EXERCISE DIRECTIONS » The answer must consist only of the lines from the line with "Rank 6th Best" to the line with "Best Smart Doll", both included, exactly as they stand below.

MATERIALS PROVIDED »

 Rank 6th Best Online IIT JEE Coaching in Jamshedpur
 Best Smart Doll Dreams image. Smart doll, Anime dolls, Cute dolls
---
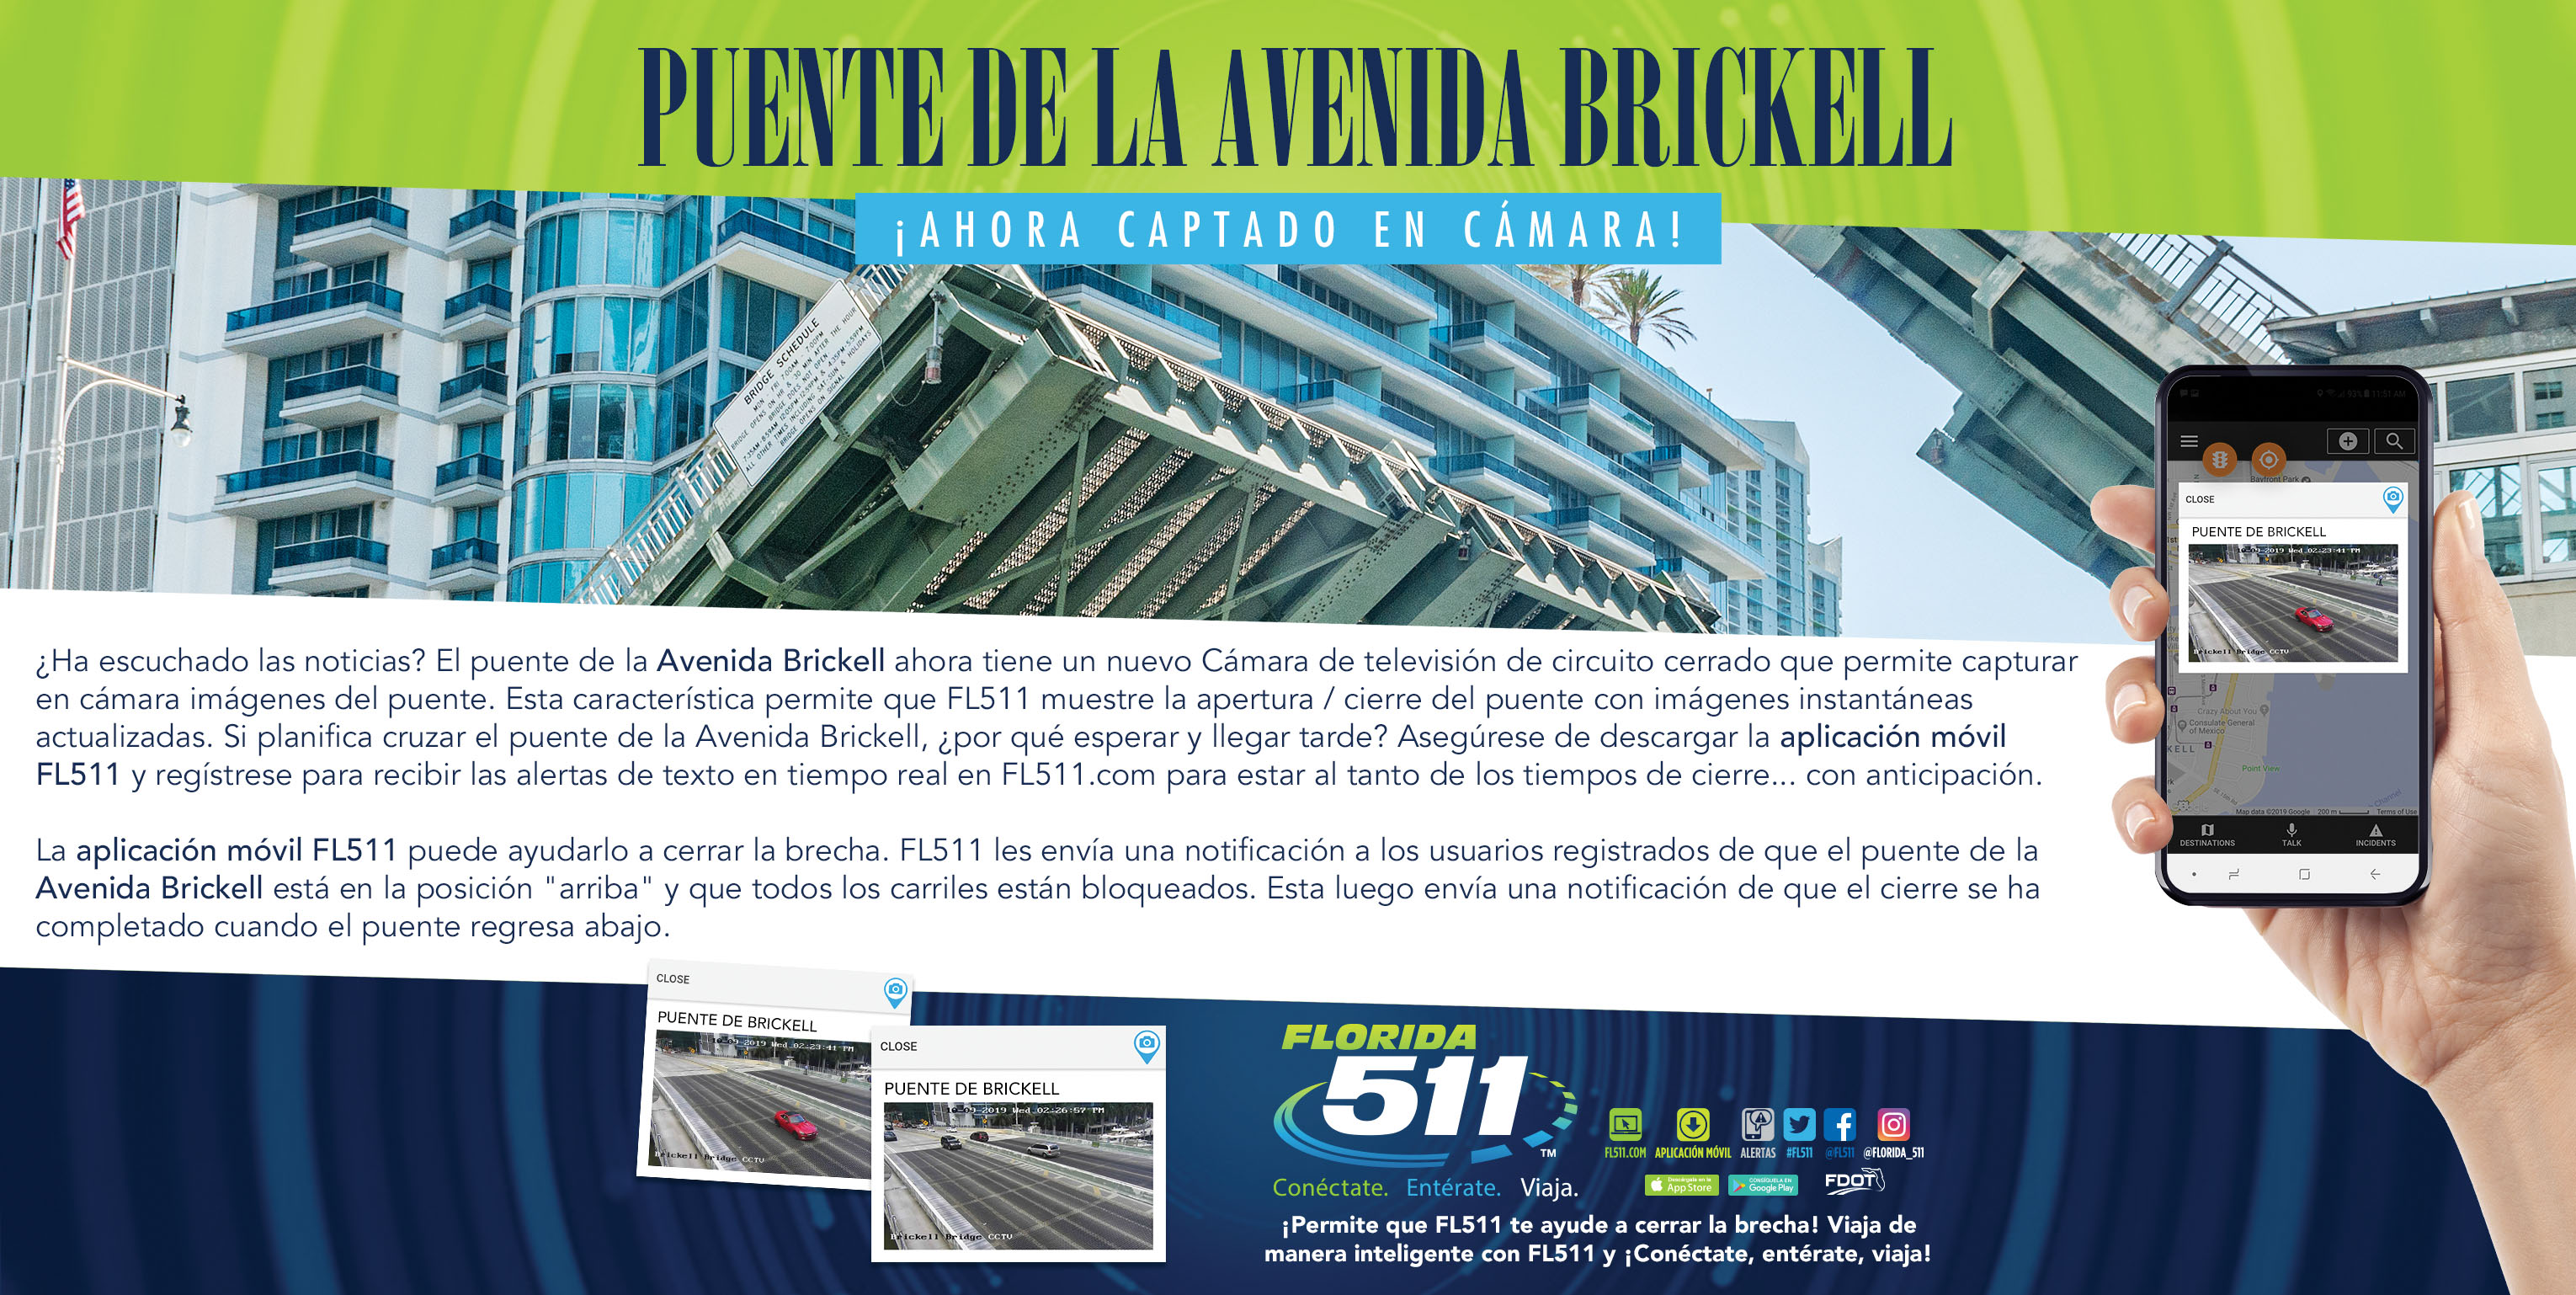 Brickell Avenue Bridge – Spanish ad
==
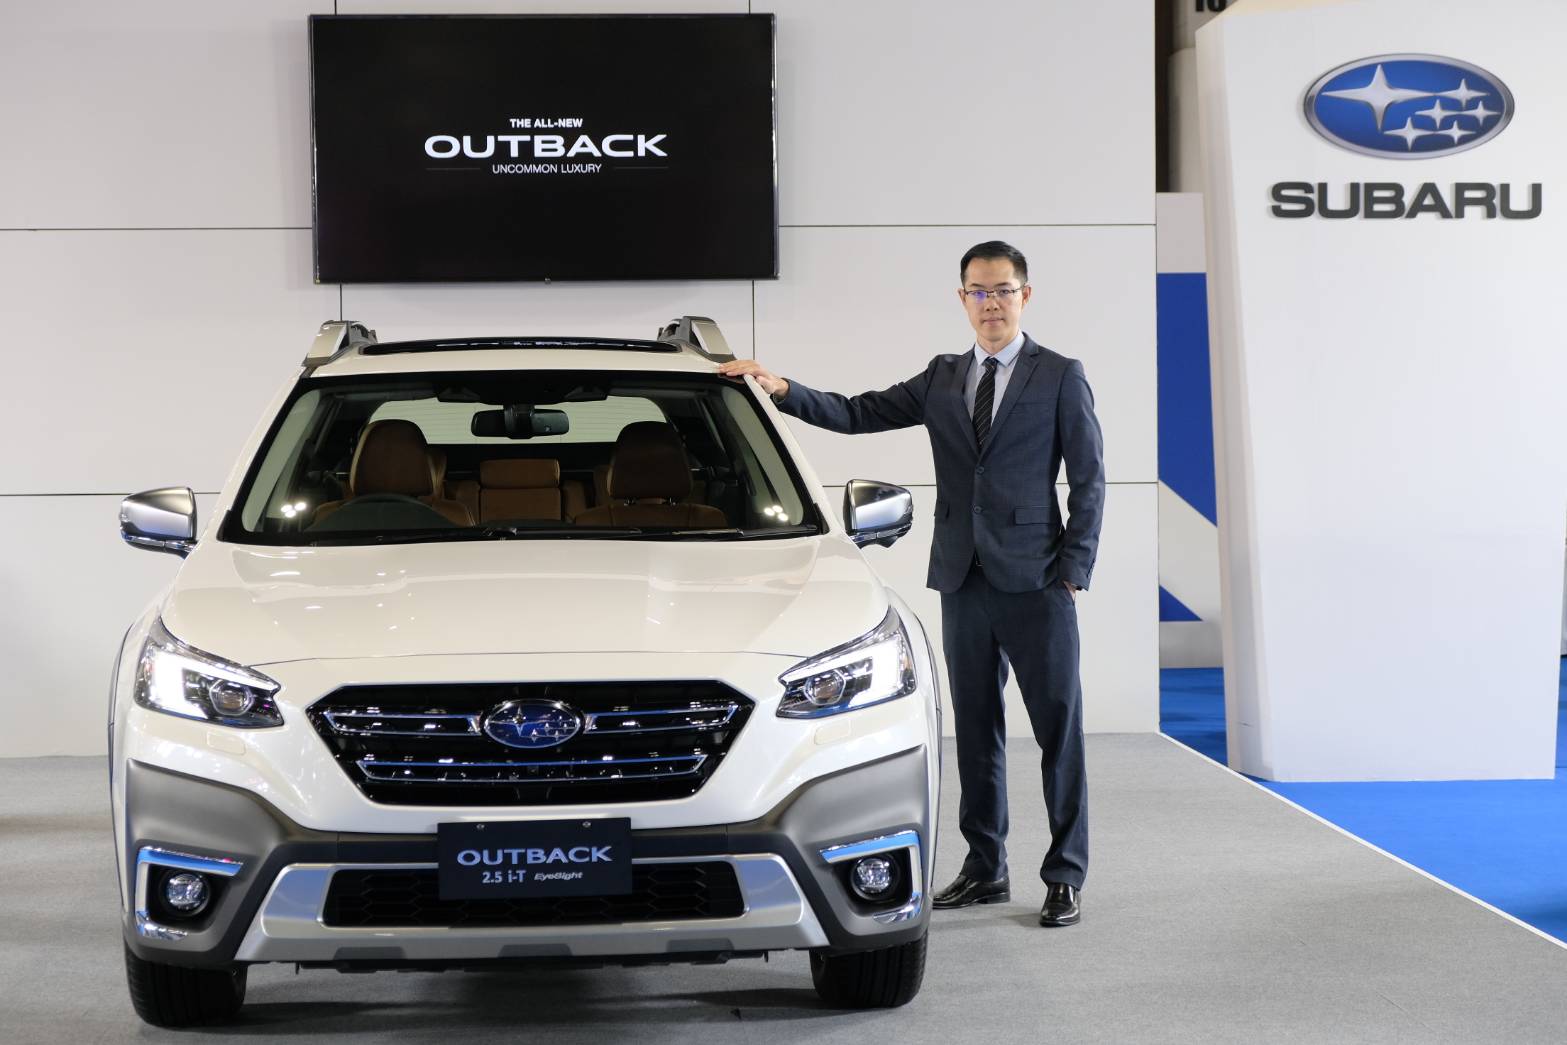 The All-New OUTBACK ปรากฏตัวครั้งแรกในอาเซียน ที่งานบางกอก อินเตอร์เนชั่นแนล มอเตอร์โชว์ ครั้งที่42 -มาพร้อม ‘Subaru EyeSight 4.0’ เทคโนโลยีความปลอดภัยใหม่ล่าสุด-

ANSWER FOR THIS EXERCISE »
 Rank 6th Best Online IIT JEE Coaching in Jamshedpur
 Best Smart Doll Dreams image. Smart doll, Anime dolls, Cute dolls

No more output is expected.